I am pretty sure I have an abdominal hernia. I went to my OB today and he suspects so too. Fortunately it's not painful at all.

I gave birth to my third child 3 months ago - he was HUGE (10-9) and I measured 43 weeks when he was delivered at almost 40 weeks. That and a twin pregnancy last time and I guess my lower abdominals gave out!









I am really not excited about surgery mostly because of concerns about how that could impact breastfeeding and also not want any separation from my young baby.

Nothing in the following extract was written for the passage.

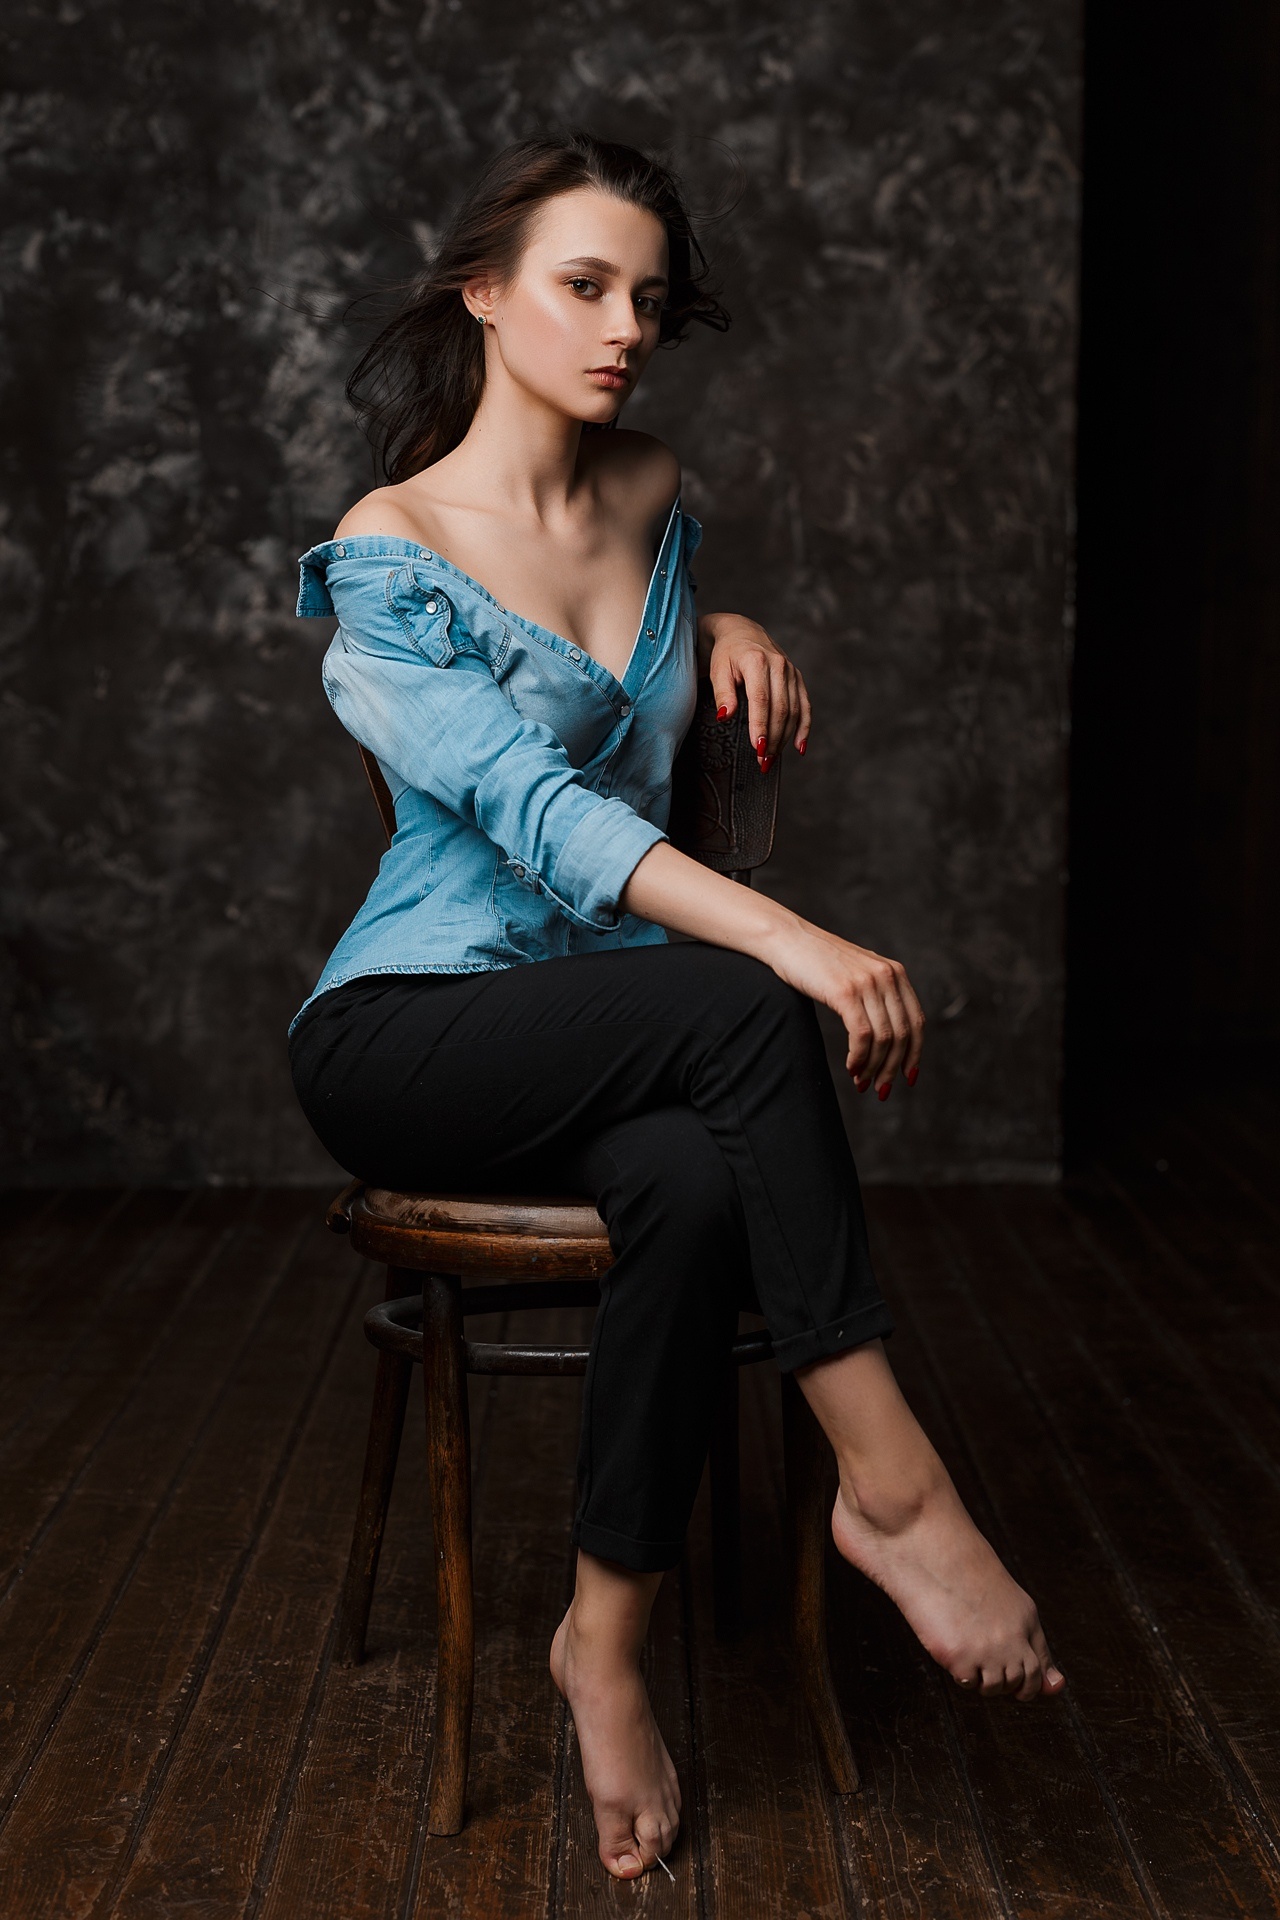 Pavel Ermakov Women Shirt Barefoot Legs Crossed Chair Bare Shoulders Model Brunette Denim Shirt Unbu 1280x1920

My OB gave me a referral to a General Surgeon but am hoping to learn from others with similar experiences.


----------



## Stayinhom (Dec 29, 2004)

My experience is a little different...While pregnant with my first child I developed a nice size umbilical hernia. So my Doctor actually gave me a C-section and fixed the hernia at the same time. I had spinal anesthesia and breastfed my daughter 4 hours later. I don't know how long they would keep you in the hospital for just the hernia. I was in the hospital for 3 days (but that was because of the Csec). I would talk to your doc about your anesthesia options and I don't see why this couldn't be a closely monitored outpatient procedure.


----------



## aufochs (Dec 21, 2006)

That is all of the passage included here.